November 29, 2011 by · 2 Comments
Filed under: Credit crunch, Politics 

The big news today seems to be the report of the Office for Budgetary Responsibility.  Labour used the report to hammer the Government. Mr Balls must think it is important to be up front with people about how bad things are in this crisis?

Absolutely

But I seem to remember that when Labour’s former Chancellor, Mr Darling, warned people the crisis was going to be very bad some people got very angry. I can’t quite remember who…..

Well, let’s see, there was Mr Balls….

OK, OK, but that’s in the past. Tell me, what is the basic difference between the Government’s position and Labour’s position on public spending and the economy?

My goodness, you really are out of touch aren’t you? As any fool knows, Labour thinks the Government should borrow more to get the economy moving while the Coalition is committed to its tough programme to reduce borrowing.
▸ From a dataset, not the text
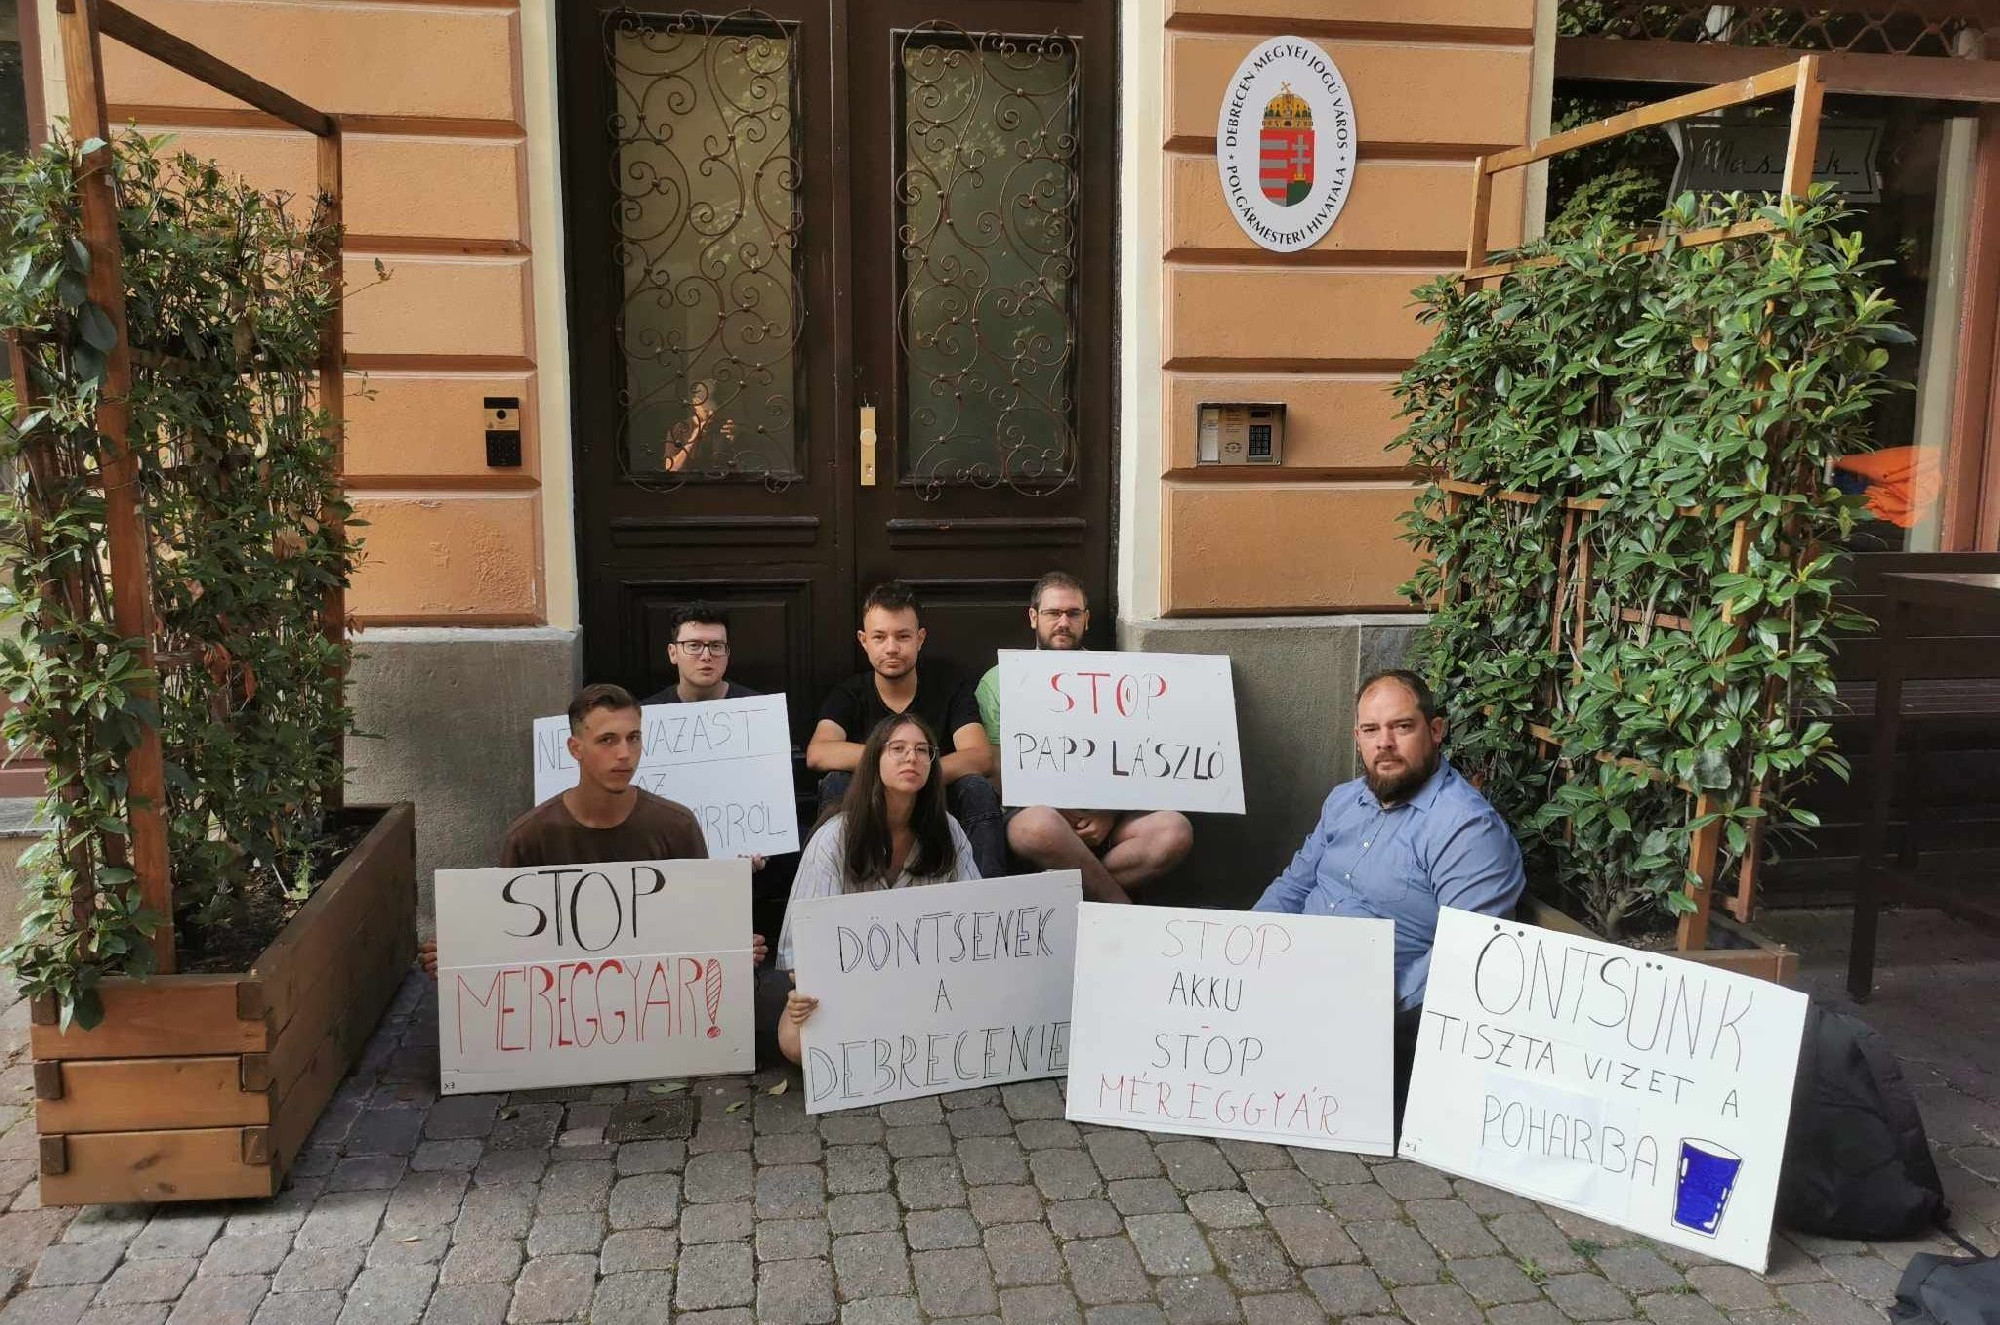 Debreceni fideszes vezetés: A Momentum erőszakos képviselői távozzanak a közéletből!

Oh I see, so how much less is the Government planning to borrow in comparison to what Labour planned to borrow?

At the last election Labour said it would borrow £110bn next year but now Mr Osborne says he will borrow £120bn

So that’s less in the sense of being £10 billion more?

Yes

So the Coalition is attacking Labour’s plan to borrow more at the same time as announcing that it is borrowing more?

Yes  

And Labour is attacking the Government for doing more borrowing at the same time as saying it should borrow even more?

Yes

Is anyone making any sense about the crisis?

Well, the Liberal Democrats did warn before the General Election that if cuts were too deep it would stall recovery

Ah, so are they going round telling everyone they were right?
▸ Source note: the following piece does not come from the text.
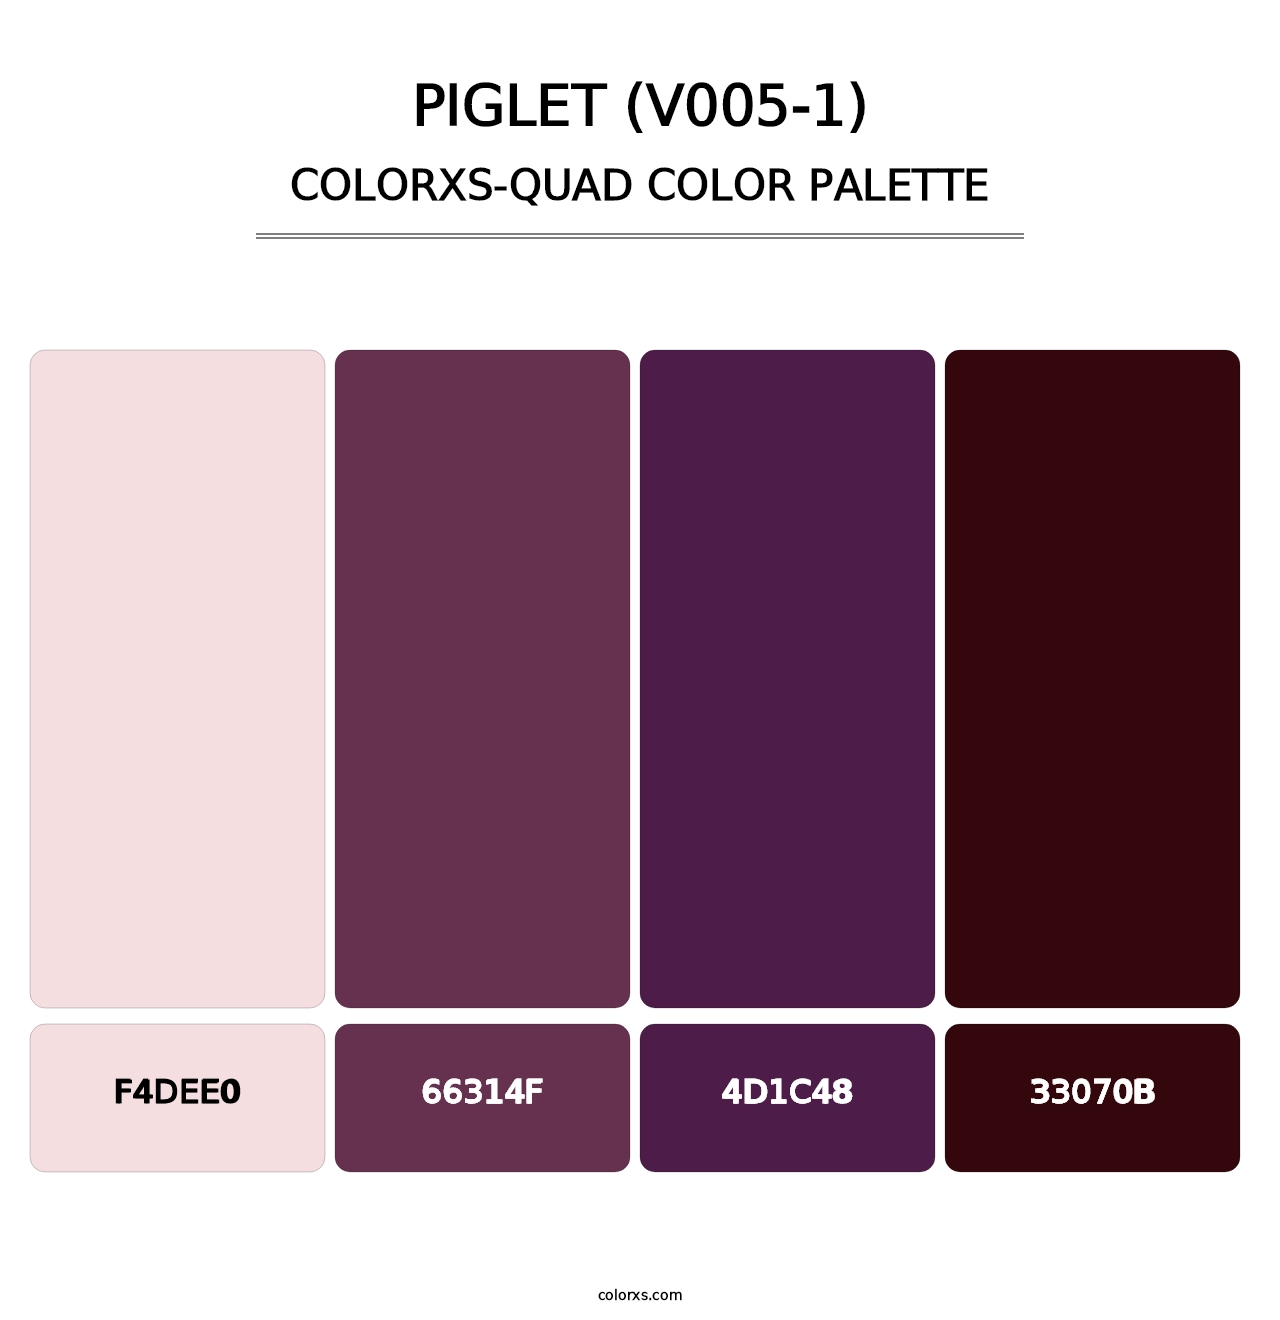 Piglet (V005-1) - Colorxs Quad Palette

No, now it looks as though they were right they are keen to stress that they were actually wrong

I see, I think.  But at least the Government has a plan to get the economy moving. How much more growth does the Government think its new policies can generate?

This year growth will be about 0.9%. Next year the Government says it will be 0.7%

So that’s more growth in the sense of being 0.2% less?

Yes

What about the longer term?

The Government is very confident that we will get back to healthy growth by 2013

That’s a relief. Why is the Government able to be more confident now than before?

It isn’t. It was just as confident last year about its predictions for 2012, as was the previous Government about its predictions two years ago for 2011. In fact the only prediction that has always been right is the prediction that the Government will predict that things will be a lot better in two years.  

I see. But why does this Government say its own predictions were wrong?

Because things that are beyond our control – in Europe – have ruined out plans

I see. So can we be more certain about the future now?

Don’t be silly

This is all a bit much for me, can I lie down?

Yes, perhaps you could lie down in one of the new nursery places for two years olds that the Government is creating

That’s a good idea. Why is it doing that?

Well, it’s mainly to encourage mothers to go out to work

Very good, and how is it being pad for?

Well, largely by cuts in tax credits

I see and will that that have any drawbacks?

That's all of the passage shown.